As a sell-off rocks the US giants, is this the end of easy-money Big Tech?

>

If a sell-off turns the American giants upside down, is this the end of the easy money-making Big Tech or will the artificial realm of Metaverse be the place to make money soon or ever?

<!–

<!–

<!–<!–

<!–

<!–

<!–

Will tea Metaverse soon or ever be the place to make money?

That’s the question investors have been asking this week, as the outlook for US tech giants betting on this, or any other form of life-changing innovation, suddenly looks a lot less rosy.

For now, Wall Street seems disenchanted with the global “disruptive” technology companies in Silicon Valley or Seattle. In recent days, traders have been selling shares in Meta – owner of Facebook, Instagram and WhatsApp and a leading member of the movement who believes the Metaverse is “fundamental to the future.”

Harsh Reality: Facebook Owner’s $69 Billion Bet on the Metaverse Has Enraged Investors

Meta is under pressure for his $69 billion bet on this virtual reality orb — and his ability to counter the threat to Instagram from the TikTok video app. As Chris Ford, head of growth equities at Sanlam Investments, points out, TikTok is not only the world’s largest social media platform, it is also owned by the Chinese.

As Ford points out, the perception may be shifting that America is the only center of innovation worth supporting.

At the beginning of this year, Meta’s market value was close to $1 trillion. Now it’s down nearly $263 billion, leaving Mark Zuckerberg, the boss and largest shareholder of Meta, a little less wealthy than before.

Many British investors have also gotten worse. They include not only those in technology funds and trusts, but also investors with savings in some general funds.

Concerns over Meta’s strategy have exposed the faltering profits of other tech titans.

Shares of Google owner Alphabet have fallen 35 percent this year. Apple stock has suffered less, but, as this column has reported, the iPhone maker is now considered more of a luxury goods company.

This may come as a comfort to those with money in the F&C trust, where Apple is the third-largest holding company and Microsoft the largest. Microsoft shares, which have fallen 33 percent since January, are also owned by Fundsmith, another very popular fund. Should Wall Street’s newfound distaste for technology then signal to British investors to end their relationship with these American names? Tech stocks have thrived, in part thanks to low interest rates and the environment of easy money that is now changing rapidly.
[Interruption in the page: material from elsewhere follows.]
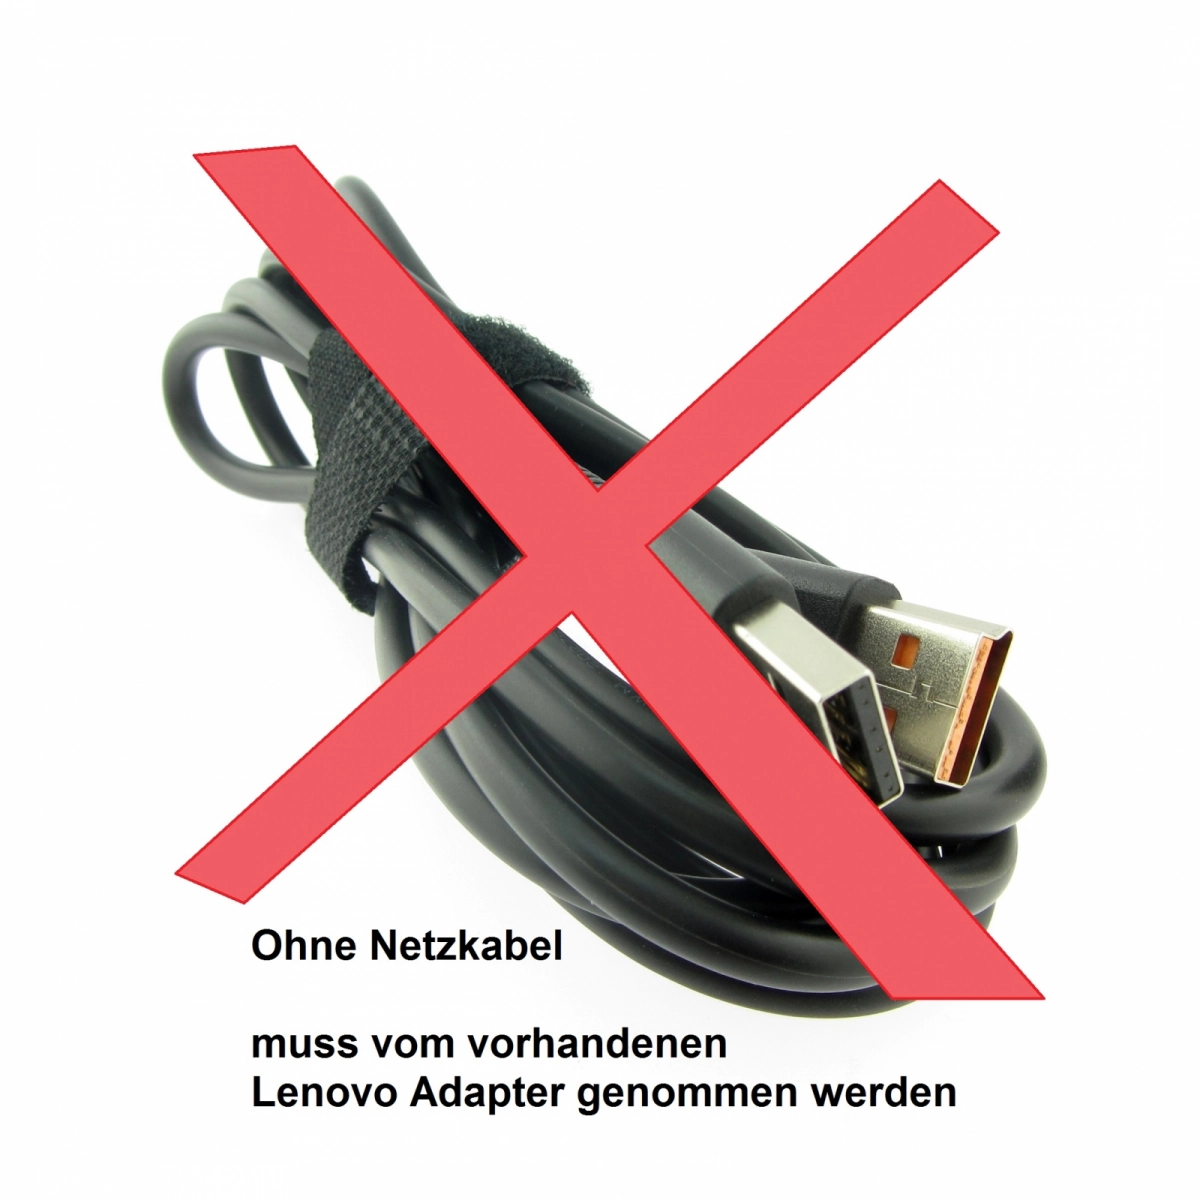 Original Netzteil für LENOVO ADL40WCB 36200580, 20V, 2A, Stecker USB, ohne USB-Kabel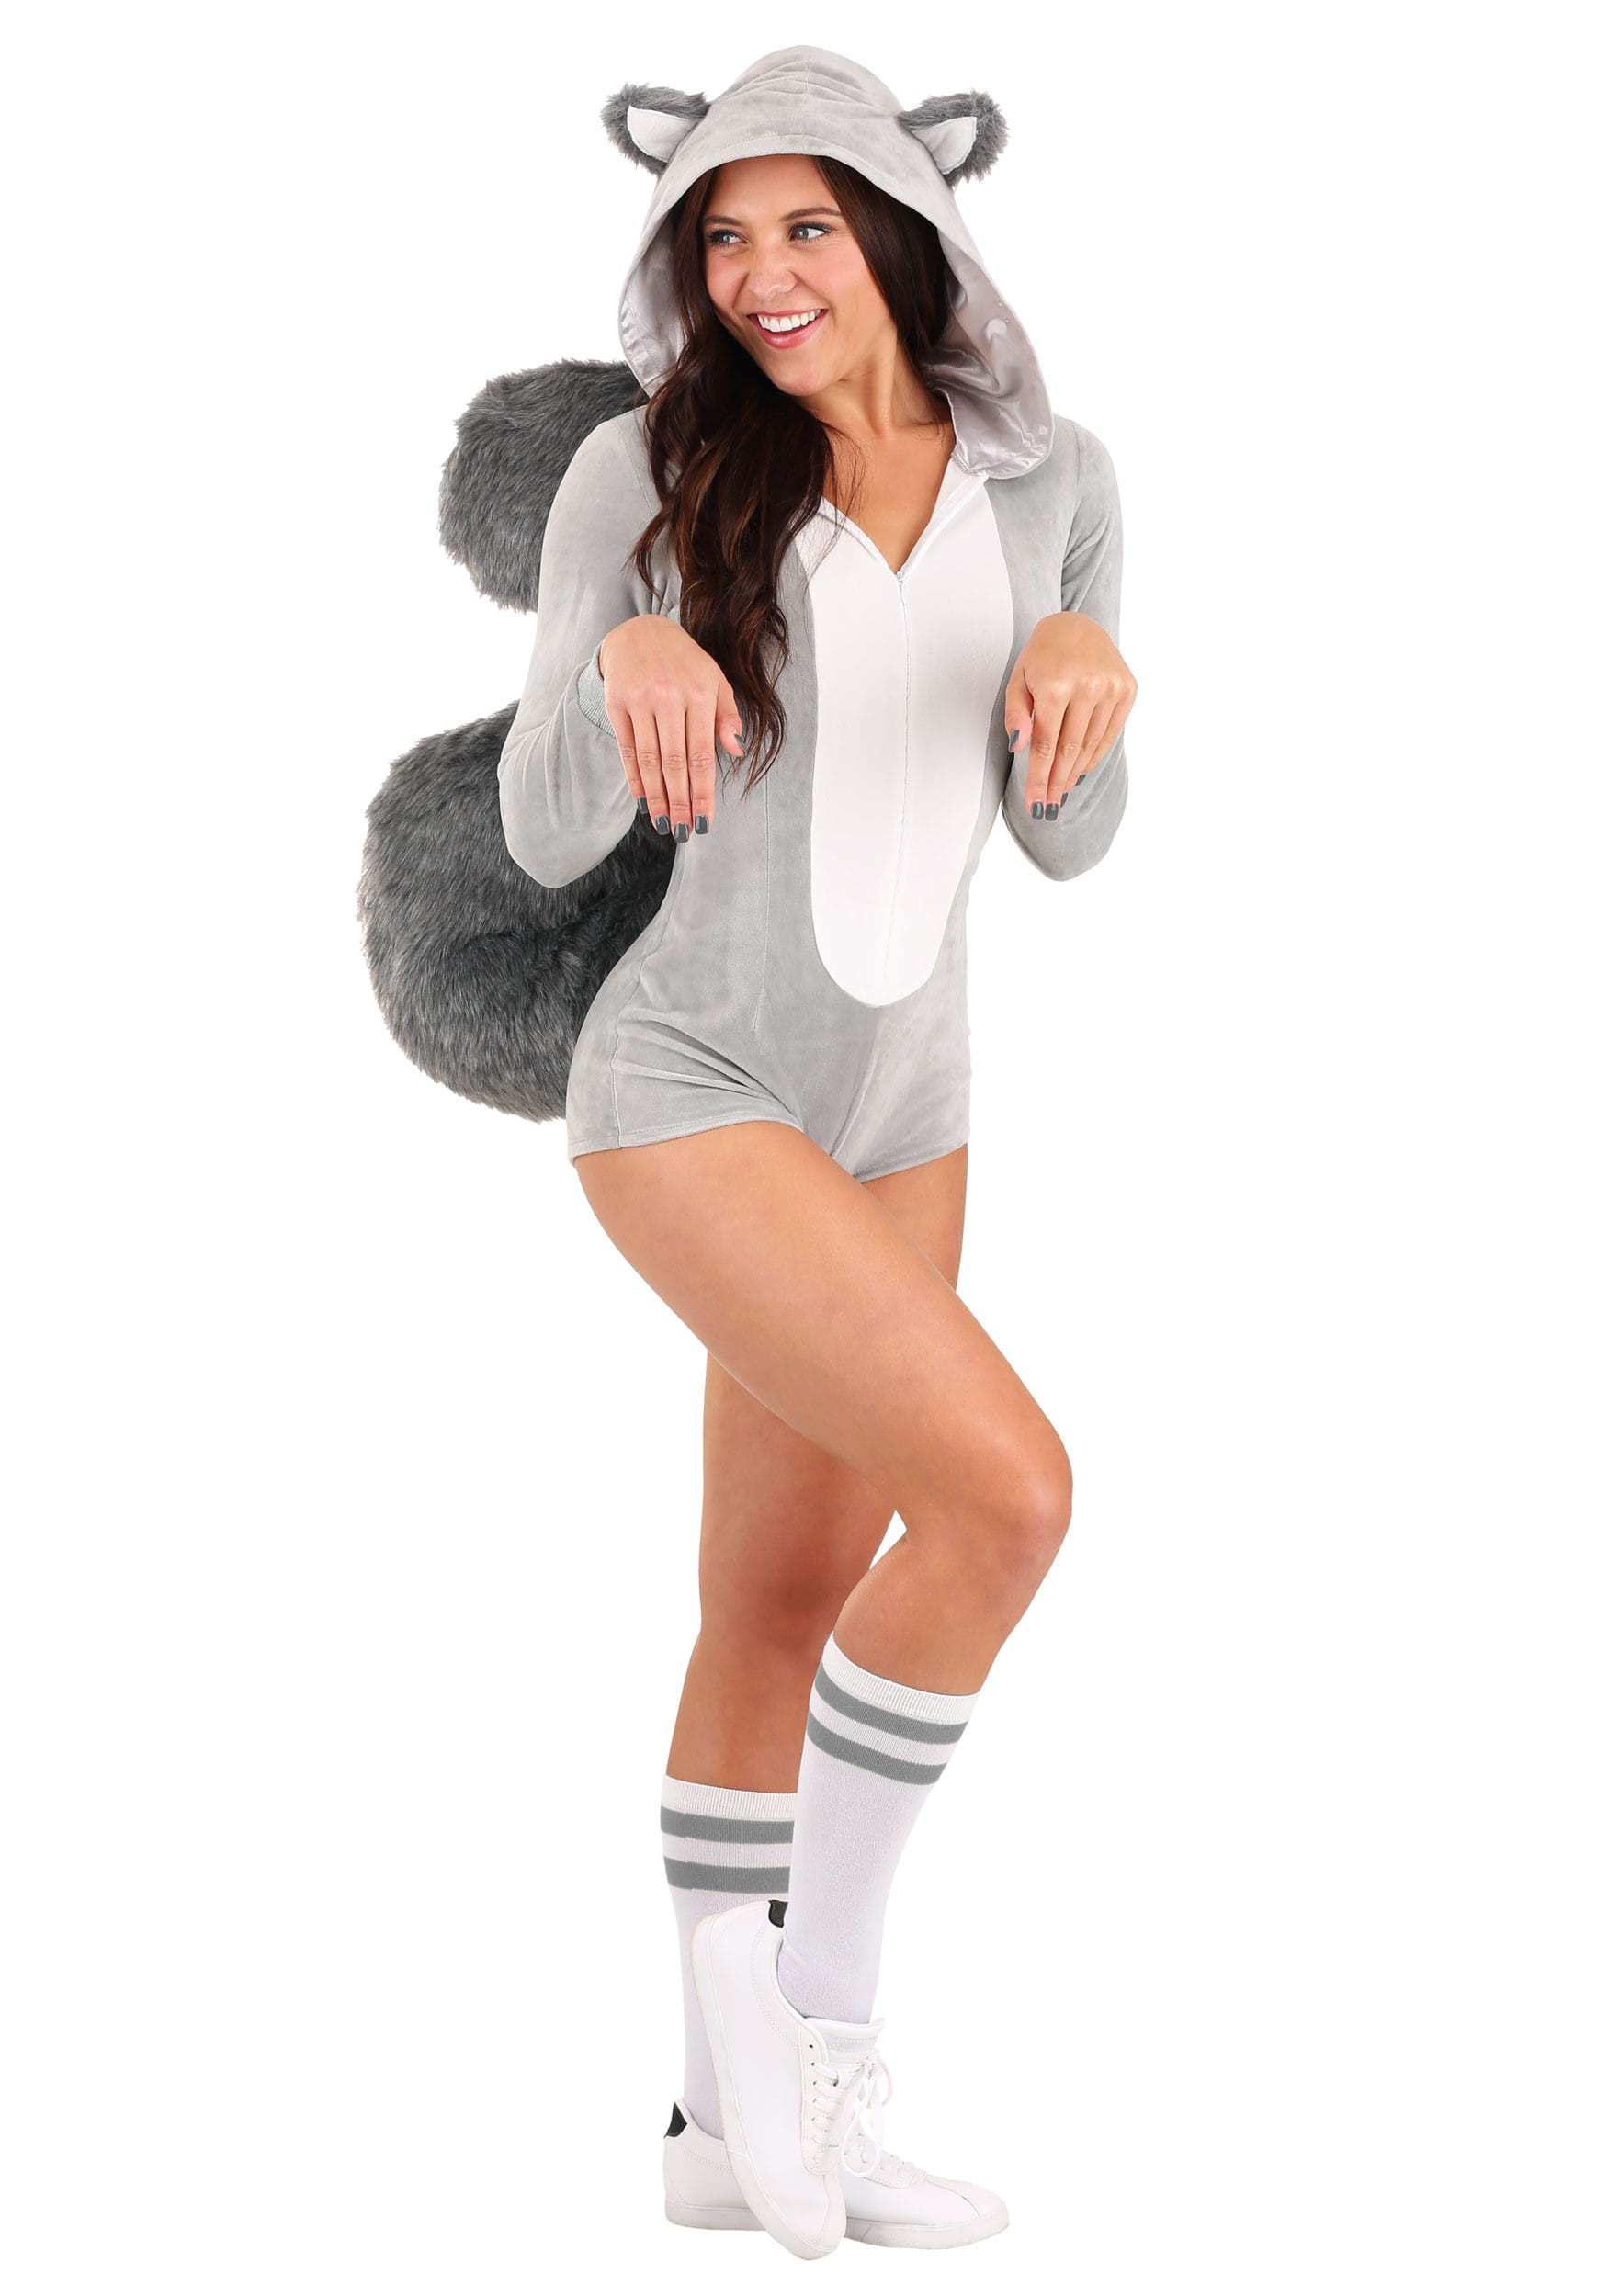 Sassy Grey Squirrel Costume for Women

Bestinvest’s Jason Hollands is cautious.

‘We are in a very different environment. The easy money days of quantitative easing gave these stocks a boost. “We’re not going back any time soon.”

If you can afford to do so, you may be tempted to sit back and wait for some relaxation in the current economic and geopolitical turmoil, and share the view of Ford, who claims this week’s defeat was an overreaction. He believes that the admiration for tech companies and their disruptive power in the pandemic may be exaggerated, but the current pessimism is misplaced as the potential for artificial intelligence (Ai) is not yet fully recognised.

AI will be a major focus at Alphabet and Microsoft. They engage with what Ford describes as the more “prosaic parts of the Metaverse,” using it, for example, as a means of sharing manufacturing designs, rather than as a place for avatars to socialize. if you have savings in a technology fund, 90 percent of it will likely be invested in the US, meaning you may not be exposed to innovations hatched elsewhere. China may have already preceded the US, but this is overshadowed by sanctions against its manufacturers.

These considerations should send a signal to anyone willing to participate in the rewards of innovation to cast their net wide.

For example, the Augmentum trust invests in fintech companies that support the digital transition of traditional banks.

This confidence, with a 41 per cent discount to the net worth of its assets following recent industry devastation, is a bet on UK plc. As manager Tim Levene says, 17 of the 24 holdings are British players in a global market that could be worth $12 trillion in a few years.

I will continue to be an investor in F&C, Fundsmith and in the Scottish Mortgage Trust, which has part of TikTok owner ByteDance.

Despite my love for a bargain, I don’t intend to follow the AllianceBernstein brokerage’s advice to shut up and buy Meta, as it seems the disrupter has already been disrupted.